### RECORDED DATA

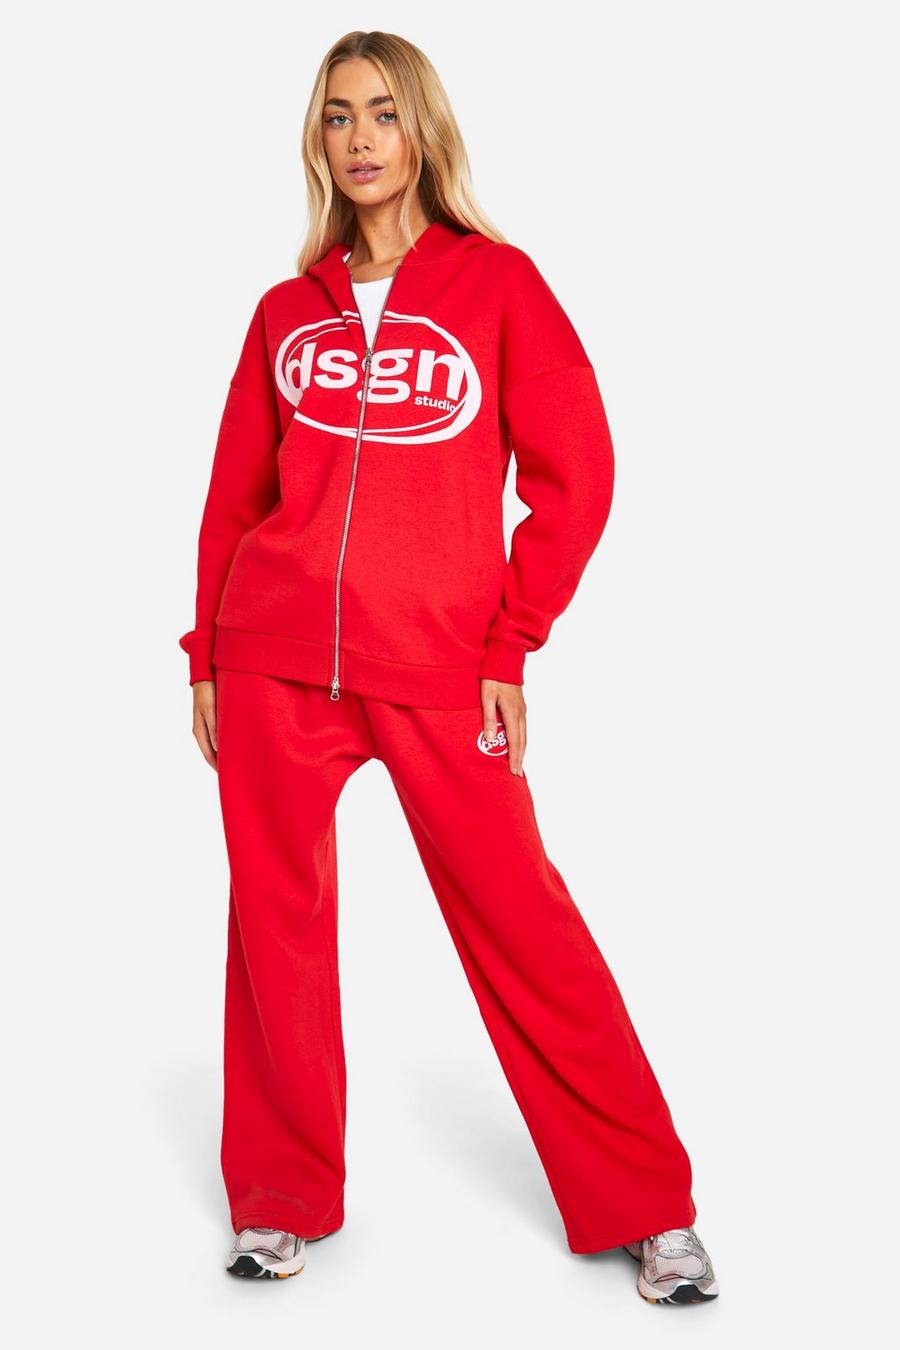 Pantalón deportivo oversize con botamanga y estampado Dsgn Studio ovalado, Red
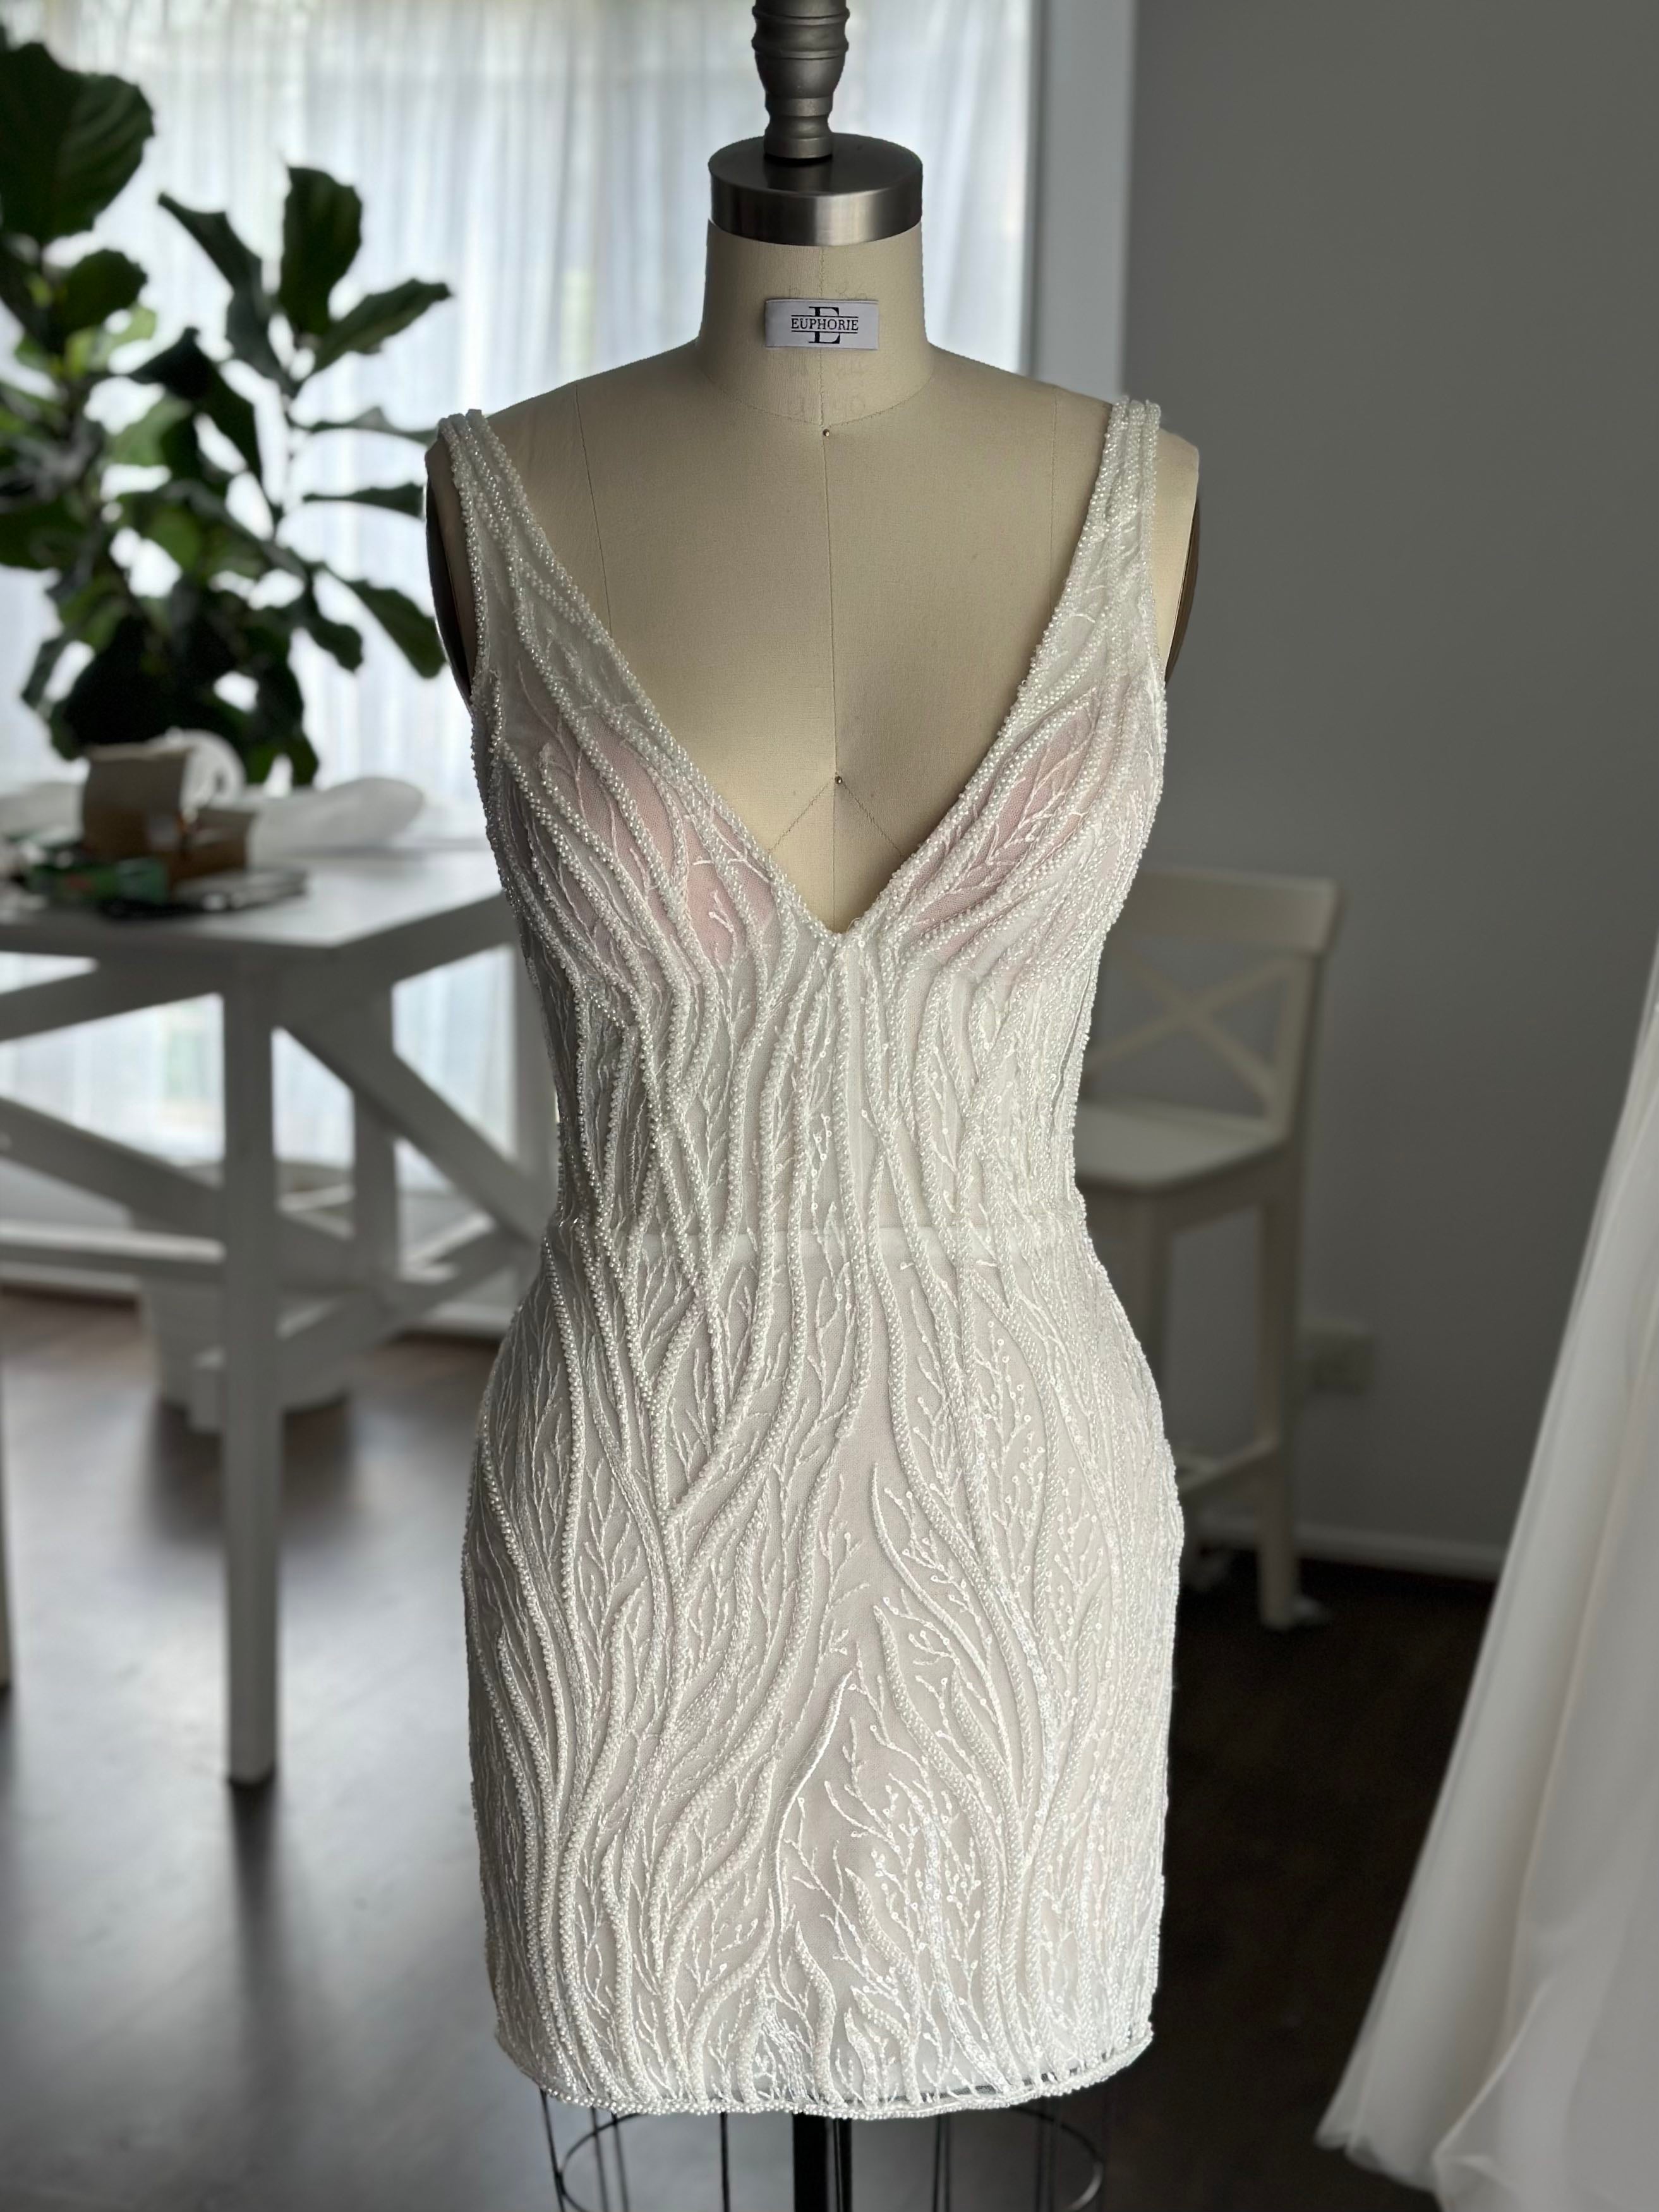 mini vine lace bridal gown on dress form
---
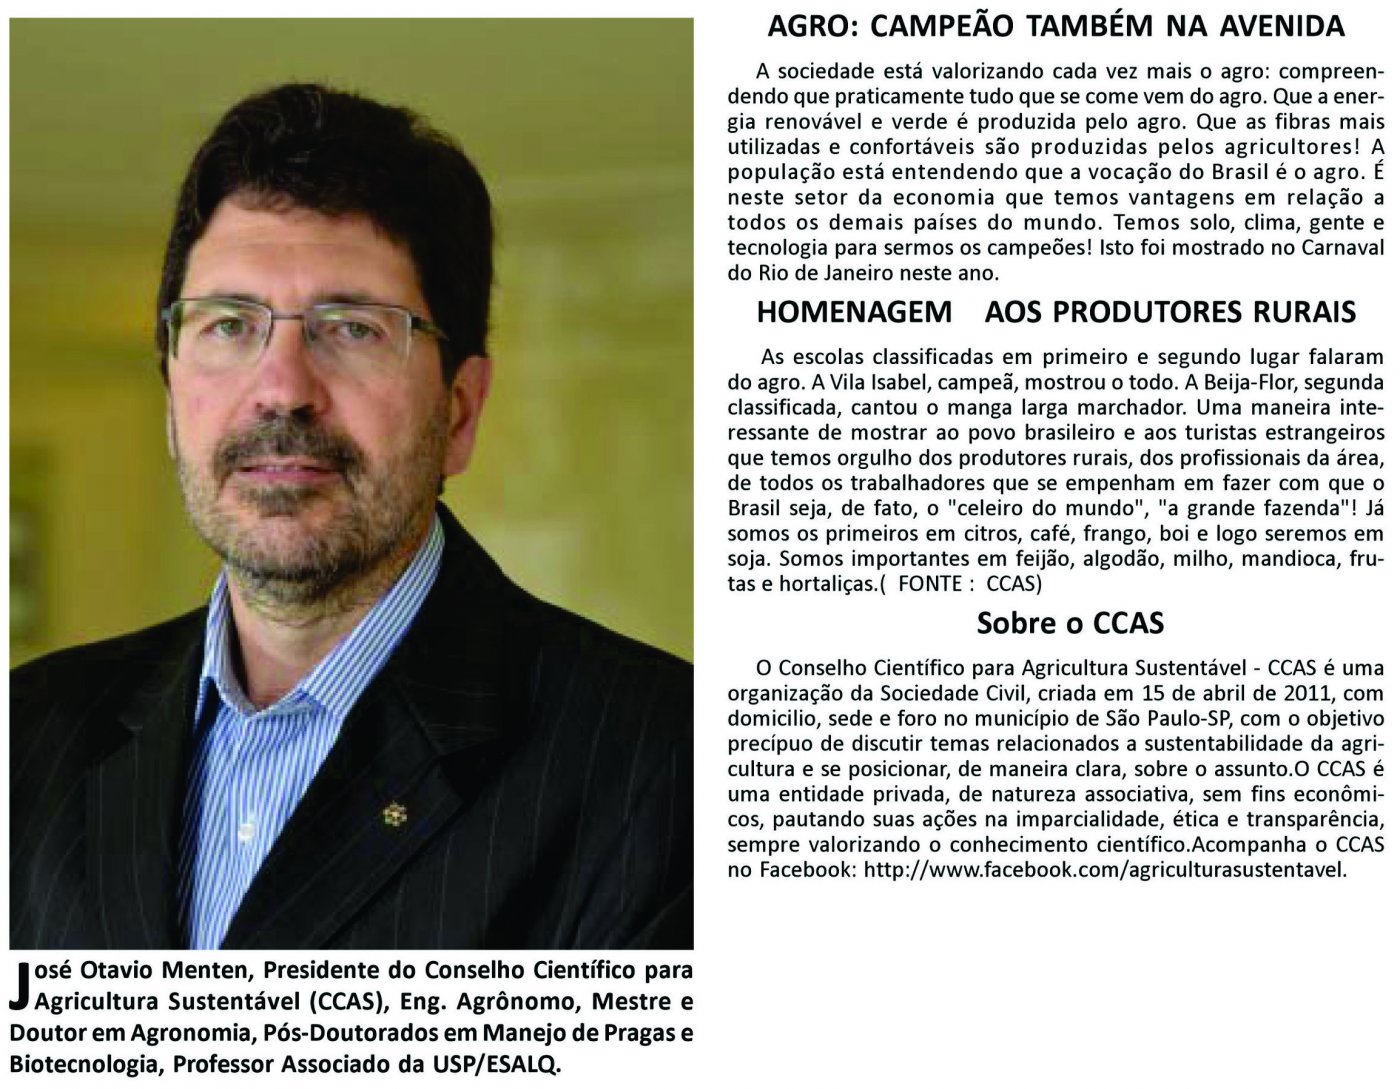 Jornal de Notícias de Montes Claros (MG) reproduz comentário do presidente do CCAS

### TRY IT
A word-for-word reproduction is needed of the lines above from the line containing "Pantalón deportivo oversize" through the line containing "mini vine lace bridal gown on dress form", with both ends kept and no pictures.

### EXPECTED ANSWER
 Pantalón deportivo oversize con botamanga y estampado Dsgn Studio ovalado, Red
 mini vine lace bridal gown on dress form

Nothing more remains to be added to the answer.